For the first time, researchers have identified the genetic mechanism underlying the protective role zinc has for type 2 diabetes and the fatty liver disease associated with the condition. The findings advance our understanding of metabolism and open the door to developing a novel diabetes treatment.
Zinc helps with immune function, cell growth and division, DNA synthesis, and metabolism. Given its importance, our bodies have evolved mechanisms to maintain zinc levels. One such mechanism involves the Solute Carrier Family 39, Member 5 (SLC39A5) gene, which encodes a protein belonging to the family of zinc transporters that transport zinc into cells.
Previous studies have found a link between zinc and improved blood glucose levels in diabetics, but the ‘how’ was not fully understood, prompting researchers to explore the mechanism underpinning it, starting with SLC39A5.

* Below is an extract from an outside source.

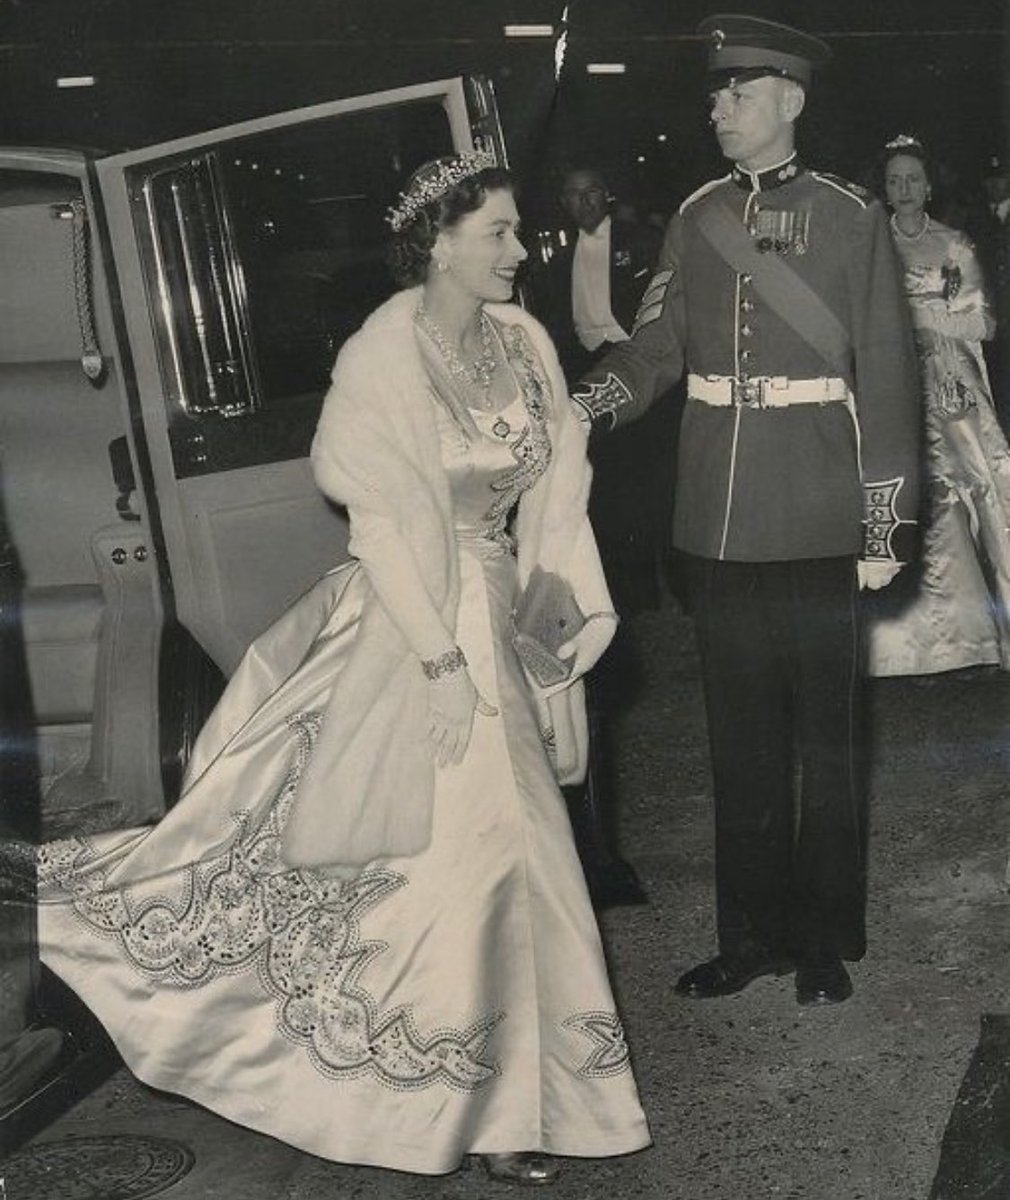 Queen Elizabeth II arriving at the tercentenary dance of the Grenadier Guards Regiment, Knightsbridge, London, England, 1956. #QueenElizabethII
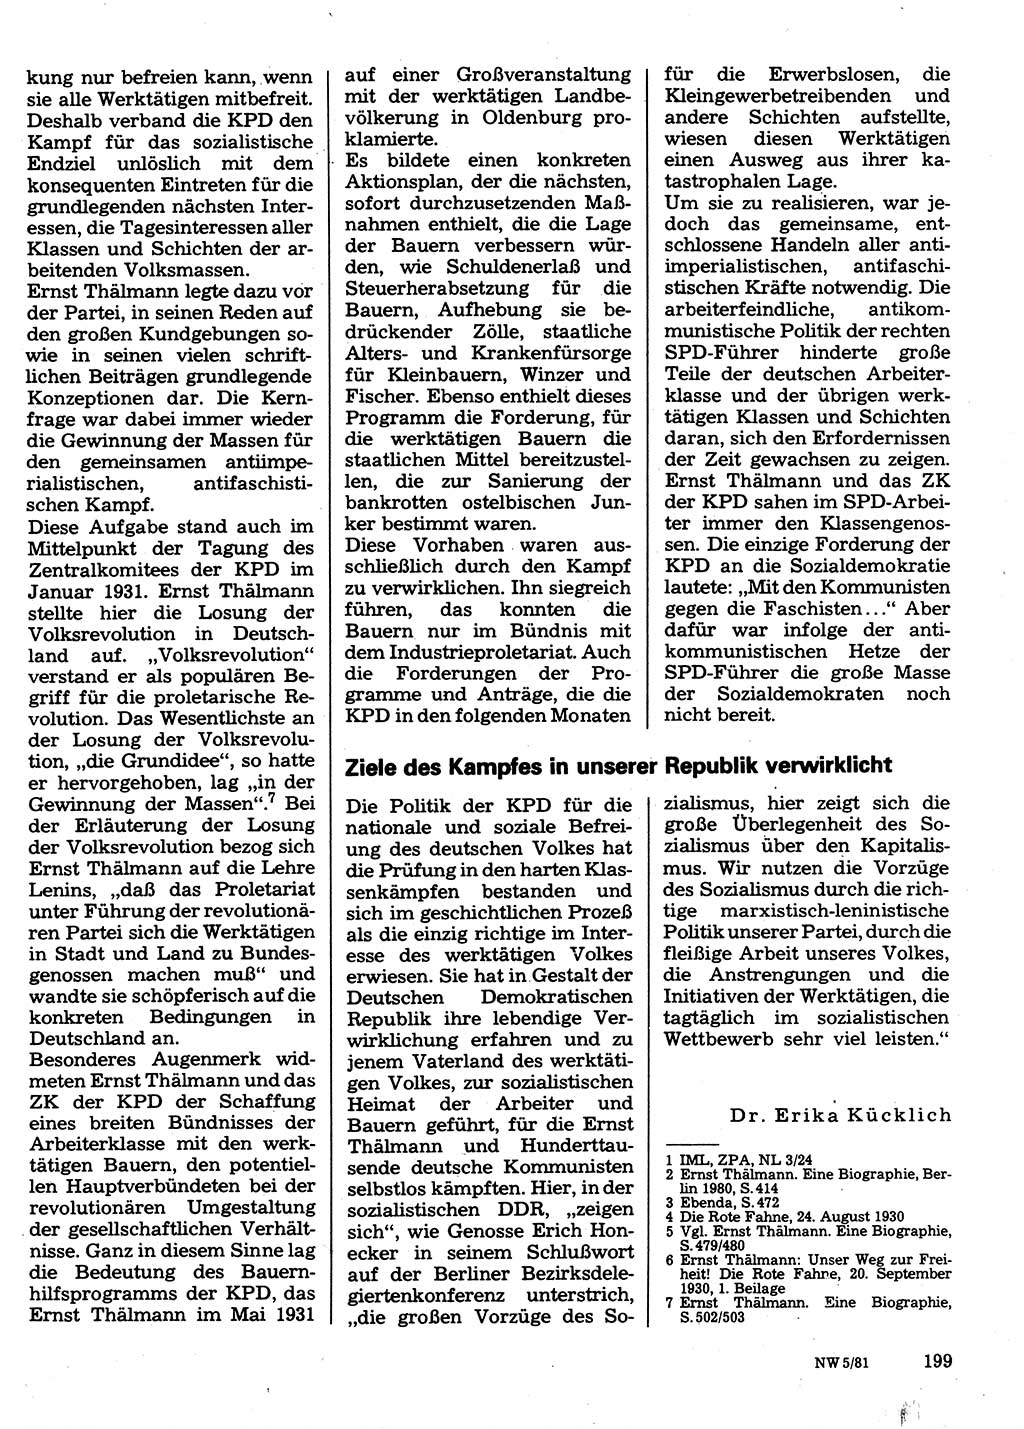 Neuer Weg (NW), Organ des Zentralkomitees (ZK) der SED (Sozialistische Einheitspartei Deutschlands) für Fragen des Parteilebens, 36. Jahrgang [Deutsche Demokratische Republik (DDR)] 1981, Seite 199 (NW ZK SED DDR 1981, S. 199)

“We know that increasing zinc intake improves blood glucose control in people with prediabetes or type 2 diabetes, and people with a mutation in a key zinc transporter protein have reduced risk of diabetes,” said Shek Man Chim, the study’s lead author. “However, the mechanism for how zinc influences systemic blood glucose levels and diabetes risk remains unclear.”
The researchers performed a meta-analysis of four European and US studies looking at loss-of-function mutations in SLC39A5 among more than 62,000 diabetics and more than 518,000 healthy controls. This confirmed that circulating zinc levels in carriers of the SLC39A5 mutation were elevated and associated with a decreased risk of diabetes.
Having identified this link, the researchers knocked out the SLC39A5 gene in mice so that they lacked the zinc transporter protein. They found that the mice had elevated circulating (blood) zinc levels, observing an increase of around 280% in female mice and around 227% in males compared to controls. Levels were significantly higher in the tissues, too, especially the liver, bone, kidneys, and brain, but lower in the pancreas. The elevated zinc levels did not negatively affect kidney or liver function in the mice.
After challenging the knockout mice with a high-fat, high-fructose diet to induce obesity, the researchers saw a significant reduction in fasting glucose compared to control mice fed the same diet. Loss of SLC39A5 also resulted in reduced insulin resistance, a hallmark of diabetes where tissues fail to respond to insulin signals designed to get glucose to be taken up by the cells.
Because diabetes often coincides with non-alcoholic fatty liver disease (NAFLD), the researchers examined whether knocking out SLC39A5 benefits the liver, too. They found that it did: mice without the gene had less build-up of fat in the liver and fewer blood markers of liver damage. In obese mice without SLC39A5, the researchers observed less fat accumulation in the liver and improved insulin sensitivity compared to controls.
NAFLD can progress to an advanced form called non-alcoholic steatohepatitis (NASH), which causes liver inflammation and tissue scarring (fibrosis). The researchers found that removing SLC39A5 in obese mice led to reduced liver damage markers and fasting blood glucose and improved inflammation and fibrosis.
“Our study provides for the first time genetic evidence demonstrating the protective role of zinc against high blood sugar and unravels the mechanistic basis underlying this effect,” said Harikiran Nistala, a corresponding author. “Our observations suggest that blocking SLC39A5 could be a potential therapeutic avenue for type 2 diabetes and other indications where zinc supplementation alone is inadequate.”
The study was published in the journal Genetics and Genomics.